Sadly no. I'm a bit disappointed in the runepriest class. It has great auras, but poor healing and the powers are sort of all over the place. They tend to be controller-y, but single target and melee. They're tough enough to take it, but the (PH1) warpriest minored in defender instead, and its powers tend to be the kind that knock opponents prone next to you (just like a defender) or even occasionally mark enemies.

The runepriest doesn't even have Ritual Caster (and I believe psions in PH3 do, so I don't think it's because WotC had given up on rituals at that point).

The runepriest just gets two rune states (which are basically modifying runes), or a third at paragon.

For the OP, I'm thinking of the same short-term magic item idea mentioned earlier, but making a rune might reduce the cost of the item.
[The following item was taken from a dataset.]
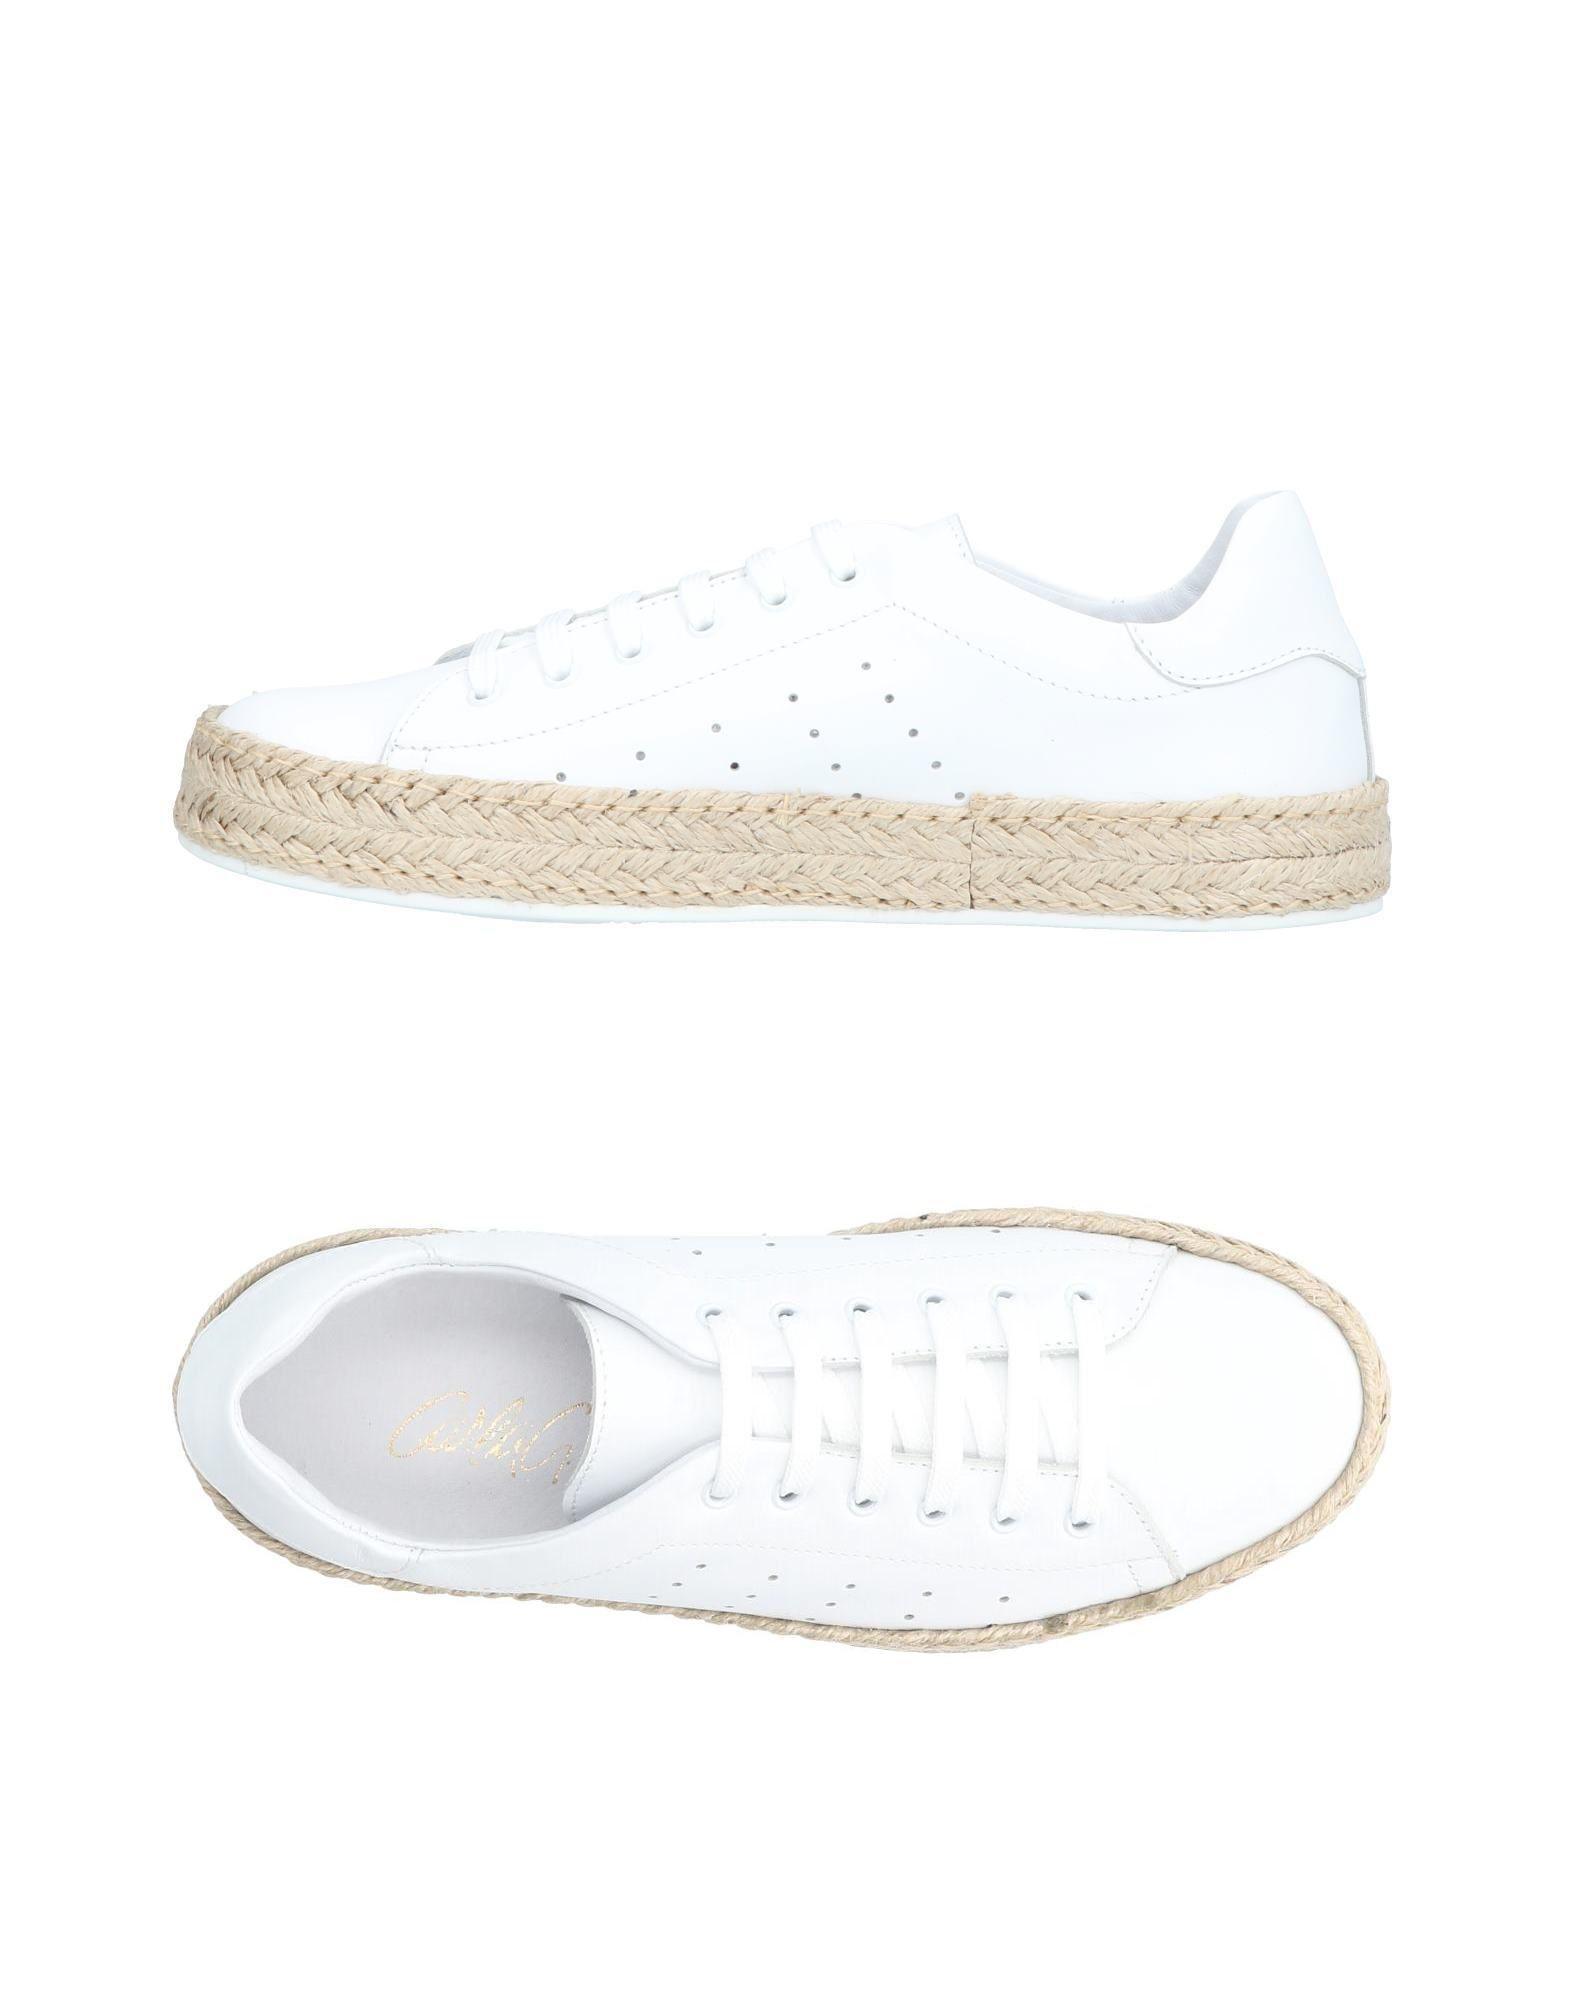 FOOTWEAR - Low-tops & sneakers Carla G. ODU3pIC

However that would force PCs to search for individual runes, and futhark is an entire alphabet that any literate PC would know. (PCs are far more likely to be literate than regular people. I don't even know if it's possible to be illiterate in D&D 4e.)

The item idea:

In D&D terms, something like this is a ritual to create a magic item. Often it is a temporary item meant for one specific purpose. Examples include transferring a sickness onto a bone, checking to see if a drink has been poisoned, but almost anything that could relate to an object seems plausible.

Since I don't know how to "mention".
 

I guess the question is "what is it that magicians normally do when they write down magic?" and I'd assume the answer is they use runes (and possibly other things, but runes of some sort would make sense, they are after all just letters). So, is there a need for something beyond existing 4e mechanics, or is it really just a matter of making some items that have the flavor you want, and maybe a feat or two that adds some mechanical hook if one is needed?

For instance a ritual could exist that empowers a 'scroll' which is a consumable item that invokes the power of the rune. This is all well within the existing mechanics. Likewise there is already an explosive rune ritual, but there could be other similar rituals. A 'runemaster' feat might key off of 'rune' keyed rituals and allow some advantage (faster, cheaper, added effect, etc), the effects can be described in the rituals, so it need not even use a keyword.